También el contexto resulta crucial. Como pone de manifiesto el ya clásico experimento filosófico del dilema del tranvía: ¿accionarías una palanca que desvía un tranvía que está a punto de atropellar a cinco personas a otra vía donde solo hay una persona?

  • Un consecuencialista accionaría la palanca.
  • Un deontológico no, porque igualmente mataría a un ser humano.

La mayoría de la gente es consecuencialista.

Sin embargo, si en vez de tirar de una palanca hay que empujar a una persona a la vía para que detenga el tren, entonces la mayoría de la gente es deontológica.

En otras palabras: dependiendo del contexto, nuestras intuiciones morales cambian. Así que nuestras intuiciones, al menos en estos casos, no dependen tanto de los principios morales como de la psicología. Del diseño de nuestro cerebro. De los niveles neuroquímicos. De los genes.
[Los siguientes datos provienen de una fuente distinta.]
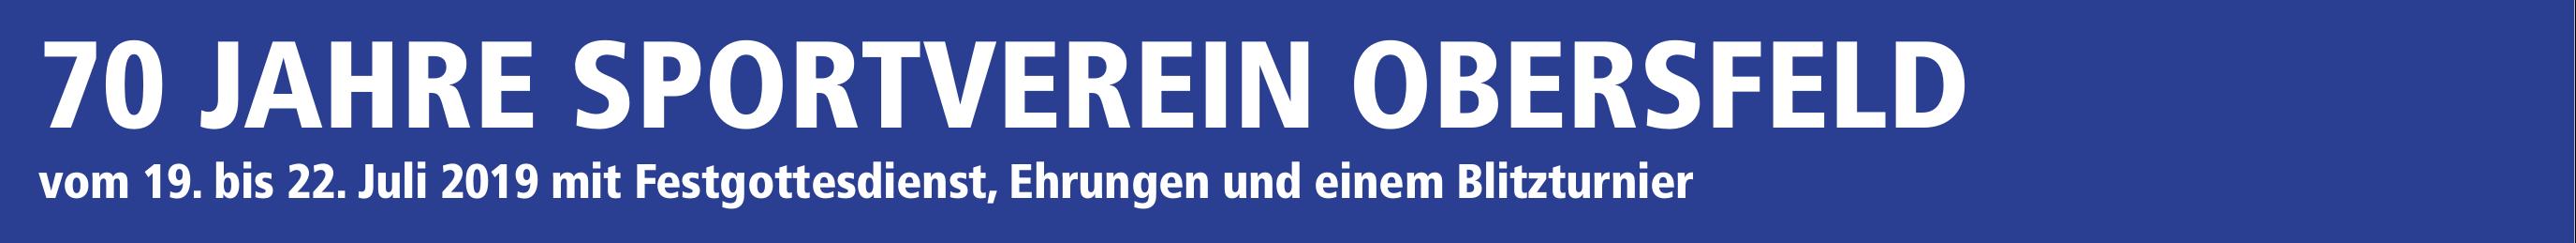 70 Jahre Sportverein Obersfeld Image 1

Todo un concierto biológico que toca unas notas u otras en función de los inputs entrantes del contexto.

Esto lo explicaba también de otro modo el premio Nobel Daniel Kahneman en Pensar rápido, pensar despacio. Tenemos dos sistemas para pensar, uno rápido influido por las emociones y otro más sosegado influido por la reflexión. Cuando tenemos que accionar una palanca, simplemente usamos el cálculo racional coste/beneficio. Pero matar con nuestras propias manos a alguien activa más la parte emocional y sentimos repulsión.
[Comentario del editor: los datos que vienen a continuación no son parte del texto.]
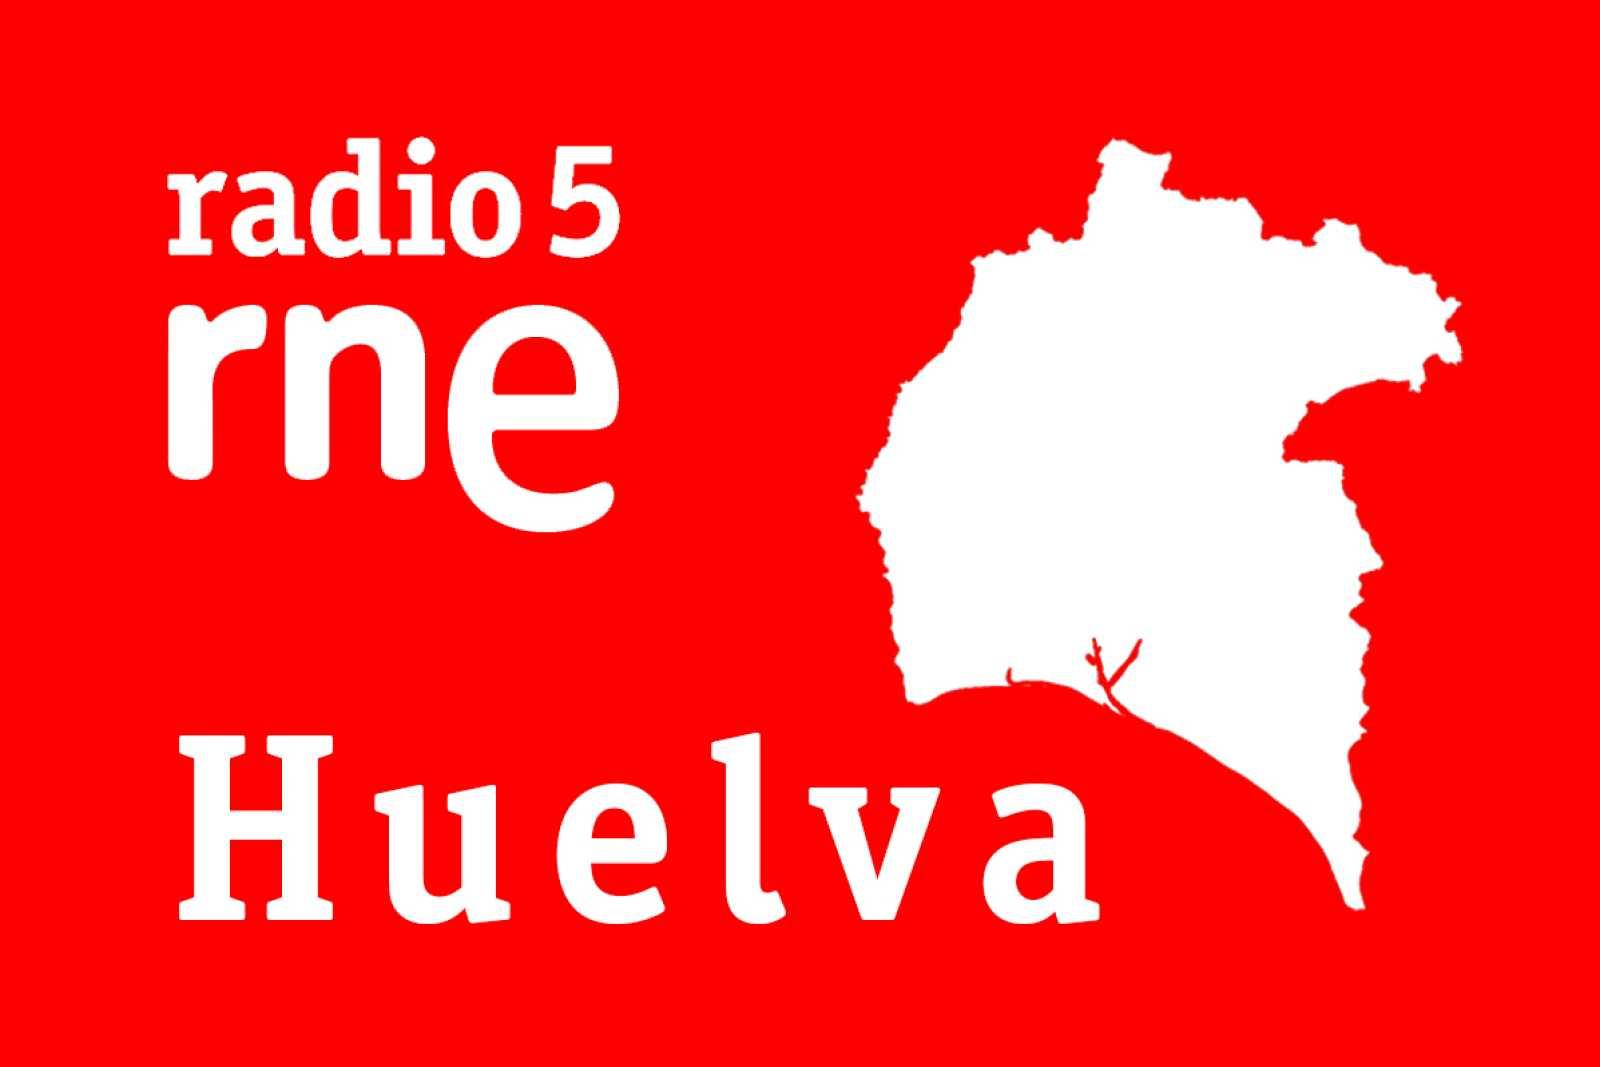 Informativo Huelva - 13/04/21 - Escuchar ahora.

Dicho sintéticamente: cuanta mayor sea la implicación emocional en un tema moral, más tenderá a ser uno deontológico. Y cuanta menos, más tenderá a ser consecuencialista.

De hecho, cada vez hay una evidencia más robusta que sugiere que las personas muy utilitaristas, que calculan perfectamente cómo hacer el mayor bien posible, los que escogen mayormente la versión del tranvía de empujar a la persona a la vía, tienen puntuaciones más altas en psicopatía y maquiavelismo. Es decir, que cometer menos errores o deslices o incoherencias morales, irónicamente, es propio de personas que tienen características psicológicas que muchos consideramos típicamente inmorales. Así de embrollado es el comportamiento humano. Un milagro darwiniano al que sumar a los milagros mensuales de Littlewood.

SURFEAR LA INCERTIDUMBRE

En los travesaños de la biblioteca de Montaigne había inscritas unas 70 citas de los clásicos, todas las cuales destacaban la vanidad de la vida humana y de las aspiraciones al conocimiento. También hizo acuñar una medalla que tenía inscritas las palabras «Que sçay-je?» (¿Qué sé yo?) sobre la imagen de un par de balanzas. Las balanzas no representaban la justicia porque vacilaban. Representaban la incertidumbre.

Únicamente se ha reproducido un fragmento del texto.